* _What to do_:
In your answer, print every record exactly as it is written.

# # # # # # #

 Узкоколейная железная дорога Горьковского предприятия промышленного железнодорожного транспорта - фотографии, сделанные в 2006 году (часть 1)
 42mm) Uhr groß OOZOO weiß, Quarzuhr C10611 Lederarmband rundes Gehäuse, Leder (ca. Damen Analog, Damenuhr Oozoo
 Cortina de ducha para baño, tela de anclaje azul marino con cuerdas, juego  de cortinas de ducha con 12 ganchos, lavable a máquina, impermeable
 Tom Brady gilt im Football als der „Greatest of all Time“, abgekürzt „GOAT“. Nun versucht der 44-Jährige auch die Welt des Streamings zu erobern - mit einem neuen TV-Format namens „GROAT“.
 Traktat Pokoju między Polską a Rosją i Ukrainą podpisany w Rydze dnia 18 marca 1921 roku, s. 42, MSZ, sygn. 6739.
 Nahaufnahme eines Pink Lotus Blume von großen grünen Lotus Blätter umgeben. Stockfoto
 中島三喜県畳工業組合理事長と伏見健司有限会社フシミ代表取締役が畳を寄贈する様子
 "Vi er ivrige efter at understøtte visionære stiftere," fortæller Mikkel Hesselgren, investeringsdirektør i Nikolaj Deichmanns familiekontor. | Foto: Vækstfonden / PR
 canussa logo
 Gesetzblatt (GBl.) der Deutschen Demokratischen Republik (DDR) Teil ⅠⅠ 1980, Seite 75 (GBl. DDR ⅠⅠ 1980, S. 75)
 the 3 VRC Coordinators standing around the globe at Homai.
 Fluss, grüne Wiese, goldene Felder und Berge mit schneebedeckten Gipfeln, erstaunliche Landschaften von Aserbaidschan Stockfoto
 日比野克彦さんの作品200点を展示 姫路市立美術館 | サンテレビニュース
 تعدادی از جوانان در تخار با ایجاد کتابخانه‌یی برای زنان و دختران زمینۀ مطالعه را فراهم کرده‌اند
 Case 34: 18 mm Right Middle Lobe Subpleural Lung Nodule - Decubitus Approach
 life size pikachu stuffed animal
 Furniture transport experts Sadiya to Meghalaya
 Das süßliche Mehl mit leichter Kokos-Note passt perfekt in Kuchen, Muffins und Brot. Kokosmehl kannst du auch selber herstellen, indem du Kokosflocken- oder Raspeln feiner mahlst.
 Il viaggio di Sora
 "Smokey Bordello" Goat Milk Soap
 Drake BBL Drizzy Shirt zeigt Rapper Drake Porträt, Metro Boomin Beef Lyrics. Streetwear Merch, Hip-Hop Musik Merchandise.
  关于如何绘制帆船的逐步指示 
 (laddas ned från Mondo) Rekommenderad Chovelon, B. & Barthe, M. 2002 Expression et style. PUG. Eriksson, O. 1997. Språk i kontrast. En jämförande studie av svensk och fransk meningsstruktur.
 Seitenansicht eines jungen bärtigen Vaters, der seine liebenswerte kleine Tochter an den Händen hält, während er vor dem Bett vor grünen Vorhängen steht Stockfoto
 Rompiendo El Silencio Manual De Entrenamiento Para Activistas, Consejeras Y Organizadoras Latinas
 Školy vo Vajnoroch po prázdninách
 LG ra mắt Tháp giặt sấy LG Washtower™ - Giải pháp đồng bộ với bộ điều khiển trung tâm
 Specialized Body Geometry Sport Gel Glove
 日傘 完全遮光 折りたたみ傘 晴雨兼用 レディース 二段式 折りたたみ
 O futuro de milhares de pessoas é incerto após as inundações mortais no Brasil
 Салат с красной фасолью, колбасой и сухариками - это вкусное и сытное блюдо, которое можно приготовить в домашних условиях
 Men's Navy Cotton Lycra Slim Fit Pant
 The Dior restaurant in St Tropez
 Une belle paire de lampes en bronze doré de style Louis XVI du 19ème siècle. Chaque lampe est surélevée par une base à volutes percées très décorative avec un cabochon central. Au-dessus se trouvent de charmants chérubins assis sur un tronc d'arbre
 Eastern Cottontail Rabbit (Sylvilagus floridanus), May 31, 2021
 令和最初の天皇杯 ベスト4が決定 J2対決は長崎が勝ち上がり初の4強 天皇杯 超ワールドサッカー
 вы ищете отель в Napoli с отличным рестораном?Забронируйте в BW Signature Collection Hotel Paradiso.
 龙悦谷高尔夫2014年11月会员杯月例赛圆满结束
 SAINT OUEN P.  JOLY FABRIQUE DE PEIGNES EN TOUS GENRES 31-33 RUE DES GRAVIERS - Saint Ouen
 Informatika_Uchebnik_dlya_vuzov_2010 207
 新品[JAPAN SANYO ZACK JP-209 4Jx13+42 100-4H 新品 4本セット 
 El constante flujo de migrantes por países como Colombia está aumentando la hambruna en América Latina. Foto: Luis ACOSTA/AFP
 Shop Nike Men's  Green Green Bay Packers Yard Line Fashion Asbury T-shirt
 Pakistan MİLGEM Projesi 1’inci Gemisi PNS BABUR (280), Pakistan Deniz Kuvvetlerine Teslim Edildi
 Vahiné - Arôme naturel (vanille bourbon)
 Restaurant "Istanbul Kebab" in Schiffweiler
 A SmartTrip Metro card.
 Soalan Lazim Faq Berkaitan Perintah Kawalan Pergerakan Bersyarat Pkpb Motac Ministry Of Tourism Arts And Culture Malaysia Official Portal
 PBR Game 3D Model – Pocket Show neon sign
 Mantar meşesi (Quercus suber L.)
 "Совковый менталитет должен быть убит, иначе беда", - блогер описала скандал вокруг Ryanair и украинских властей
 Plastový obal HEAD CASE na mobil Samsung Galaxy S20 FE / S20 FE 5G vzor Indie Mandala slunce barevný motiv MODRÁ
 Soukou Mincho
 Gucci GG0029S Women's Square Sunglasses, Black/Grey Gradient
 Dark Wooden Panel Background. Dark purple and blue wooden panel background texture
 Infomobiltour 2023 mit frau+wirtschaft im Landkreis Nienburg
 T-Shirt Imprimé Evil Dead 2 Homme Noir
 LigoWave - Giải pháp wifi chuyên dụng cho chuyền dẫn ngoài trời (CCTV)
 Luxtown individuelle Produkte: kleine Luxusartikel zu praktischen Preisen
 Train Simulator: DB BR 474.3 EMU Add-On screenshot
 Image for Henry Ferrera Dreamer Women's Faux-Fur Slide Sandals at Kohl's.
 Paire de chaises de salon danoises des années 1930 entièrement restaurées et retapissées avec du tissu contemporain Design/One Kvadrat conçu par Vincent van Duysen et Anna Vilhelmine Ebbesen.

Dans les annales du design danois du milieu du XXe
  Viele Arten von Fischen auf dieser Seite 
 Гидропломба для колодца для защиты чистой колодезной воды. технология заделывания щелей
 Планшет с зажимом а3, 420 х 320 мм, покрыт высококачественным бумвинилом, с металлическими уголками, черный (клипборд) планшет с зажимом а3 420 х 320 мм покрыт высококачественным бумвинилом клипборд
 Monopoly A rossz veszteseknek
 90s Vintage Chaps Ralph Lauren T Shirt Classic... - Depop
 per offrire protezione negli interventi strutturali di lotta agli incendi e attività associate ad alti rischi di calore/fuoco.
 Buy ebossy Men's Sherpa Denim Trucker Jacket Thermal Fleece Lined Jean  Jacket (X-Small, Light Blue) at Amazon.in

# # # # # # #

* _Written answer_:
 Узкоколейная железная дорога Горьковского предприятия промышленного железнодорожного транспорта - фотографии, сделанные в 2006 году (часть 1)
 42mm) Uhr groß OOZOO weiß, Quarzuhr C10611 Lederarmband rundes Gehäuse, Leder (ca. Damen Analog, Damenuhr Oozoo
 Cortina de ducha para baño, tela de anclaje azul marino con cuerdas, juego  de cortinas de ducha con 12 ganchos, lavable a máquina, impermeable
 Tom Brady gilt im Football als der „Greatest of all Time“, abgekürzt „GOAT“. Nun versucht der 44-Jährige auch die Welt des Streamings zu erobern - mit einem neuen TV-Format namens „GROAT“.
 Traktat Pokoju między Polską a Rosją i Ukrainą podpisany w Rydze dnia 18 marca 1921 roku, s. 42, MSZ, sygn. 6739.
 Nahaufnahme eines Pink Lotus Blume von großen grünen Lotus Blätter umgeben. Stockfoto
 中島三喜県畳工業組合理事長と伏見健司有限会社フシミ代表取締役が畳を寄贈する様子
 "Vi er ivrige efter at understøtte visionære stiftere," fortæller Mikkel Hesselgren, investeringsdirektør i Nikolaj Deichmanns familiekontor. | Foto: Vækstfonden / PR
 canussa logo
 Gesetzblatt (GBl.) der Deutschen Demokratischen Republik (DDR) Teil ⅠⅠ 1980, Seite 75 (GBl. DDR ⅠⅠ 1980, S. 75)
 the 3 VRC Coordinators standing around the globe at Homai.
 Fluss, grüne Wiese, goldene Felder und Berge mit schneebedeckten Gipfeln, erstaunliche Landschaften von Aserbaidschan Stockfoto
 日比野克彦さんの作品200点を展示 姫路市立美術館 | サンテレビニュース
 تعدادی از جوانان در تخار با ایجاد کتابخانه‌یی برای زنان و دختران زمینۀ مطالعه را فراهم کرده‌اند
 Case 34: 18 mm Right Middle Lobe Subpleural Lung Nodule - Decubitus Approach
 life size pikachu stuffed animal
 Furniture transport experts Sadiya to Meghalaya
 Das süßliche Mehl mit leichter Kokos-Note passt perfekt in Kuchen, Muffins und Brot. Kokosmehl kannst du auch selber herstellen, indem du Kokosflocken- oder Raspeln feiner mahlst.
 Il viaggio di Sora
 "Smokey Bordello" Goat Milk Soap
 Drake BBL Drizzy Shirt zeigt Rapper Drake Porträt, Metro Boomin Beef Lyrics. Streetwear Merch, Hip-Hop Musik Merchandise.
  关于如何绘制帆船的逐步指示 
 (laddas ned från Mondo) Rekommenderad Chovelon, B. & Barthe, M. 2002 Expression et style. PUG. Eriksson, O. 1997. Språk i kontrast. En jämförande studie av svensk och fransk meningsstruktur.
 Seitenansicht eines jungen bärtigen Vaters, der seine liebenswerte kleine Tochter an den Händen hält, während er vor dem Bett vor grünen Vorhängen steht Stockfoto
 Rompiendo El Silencio Manual De Entrenamiento Para Activistas, Consejeras Y Organizadoras Latinas
 Školy vo Vajnoroch po prázdninách
 LG ra mắt Tháp giặt sấy LG Washtower™ - Giải pháp đồng bộ với bộ điều khiển trung tâm
 Specialized Body Geometry Sport Gel Glove
 日傘 完全遮光 折りたたみ傘 晴雨兼用 レディース 二段式 折りたたみ
 O futuro de milhares de pessoas é incerto após as inundações mortais no Brasil
 Салат с красной фасолью, колбасой и сухариками - это вкусное и сытное блюдо, которое можно приготовить в домашних условиях
 Men's Navy Cotton Lycra Slim Fit Pant
 The Dior restaurant in St Tropez
 Une belle paire de lampes en bronze doré de style Louis XVI du 19ème siècle. Chaque lampe est surélevée par une base à volutes percées très décorative avec un cabochon central. Au-dessus se trouvent de charmants chérubins assis sur un tronc d'arbre
 Eastern Cottontail Rabbit (Sylvilagus floridanus), May 31, 2021
 令和最初の天皇杯 ベスト4が決定 J2対決は長崎が勝ち上がり初の4強 天皇杯 超ワールドサッカー
 вы ищете отель в Napoli с отличным рестораном?Забронируйте в BW Signature Collection Hotel Paradiso.
 龙悦谷高尔夫2014年11月会员杯月例赛圆满结束
 SAINT OUEN P.  JOLY FABRIQUE DE PEIGNES EN TOUS GENRES 31-33 RUE DES GRAVIERS - Saint Ouen
 Informatika_Uchebnik_dlya_vuzov_2010 207
 新品[JAPAN SANYO ZACK JP-209 4Jx13+42 100-4H 新品 4本セット 
 El constante flujo de migrantes por países como Colombia está aumentando la hambruna en América Latina. Foto: Luis ACOSTA/AFP
 Shop Nike Men's  Green Green Bay Packers Yard Line Fashion Asbury T-shirt
 Pakistan MİLGEM Projesi 1’inci Gemisi PNS BABUR (280), Pakistan Deniz Kuvvetlerine Teslim Edildi
 Vahiné - Arôme naturel (vanille bourbon)
 Restaurant "Istanbul Kebab" in Schiffweiler
 A SmartTrip Metro card.
 Soalan Lazim Faq Berkaitan Perintah Kawalan Pergerakan Bersyarat Pkpb Motac Ministry Of Tourism Arts And Culture Malaysia Official Portal
 PBR Game 3D Model – Pocket Show neon sign
 Mantar meşesi (Quercus suber L.)
 "Совковый менталитет должен быть убит, иначе беда", - блогер описала скандал вокруг Ryanair и украинских властей
 Plastový obal HEAD CASE na mobil Samsung Galaxy S20 FE / S20 FE 5G vzor Indie Mandala slunce barevný motiv MODRÁ
 Soukou Mincho
 Gucci GG0029S Women's Square Sunglasses, Black/Grey Gradient
 Dark Wooden Panel Background. Dark purple and blue wooden panel background texture
 Infomobiltour 2023 mit frau+wirtschaft im Landkreis Nienburg
 T-Shirt Imprimé Evil Dead 2 Homme Noir
 LigoWave - Giải pháp wifi chuyên dụng cho chuyền dẫn ngoài trời (CCTV)
 Luxtown individuelle Produkte: kleine Luxusartikel zu praktischen Preisen
 Train Simulator: DB BR 474.3 EMU Add-On screenshot
 Image for Henry Ferrera Dreamer Women's Faux-Fur Slide Sandals at Kohl's.
 Paire de chaises de salon danoises des années 1930 entièrement restaurées et retapissées avec du tissu contemporain Design/One Kvadrat conçu par Vincent van Duysen et Anna Vilhelmine Ebbesen.

Dans les annales du design danois du milieu du XXe
  Viele Arten von Fischen auf dieser Seite 
 Гидропломба для колодца для защиты чистой колодезной воды. технология заделывания щелей
 Планшет с зажимом а3, 420 х 320 мм, покрыт высококачественным бумвинилом, с металлическими уголками, черный (клипборд) планшет с зажимом а3 420 х 320 мм покрыт высококачественным бумвинилом клипборд
 Monopoly A rossz veszteseknek
 90s Vintage Chaps Ralph Lauren T Shirt Classic... - Depop
 per offrire protezione negli interventi strutturali di lotta agli incendi e attività associate ad alti rischi di calore/fuoco.
 Buy ebossy Men's Sherpa Denim Trucker Jacket Thermal Fleece Lined Jean  Jacket (X-Small, Light Blue) at Amazon.in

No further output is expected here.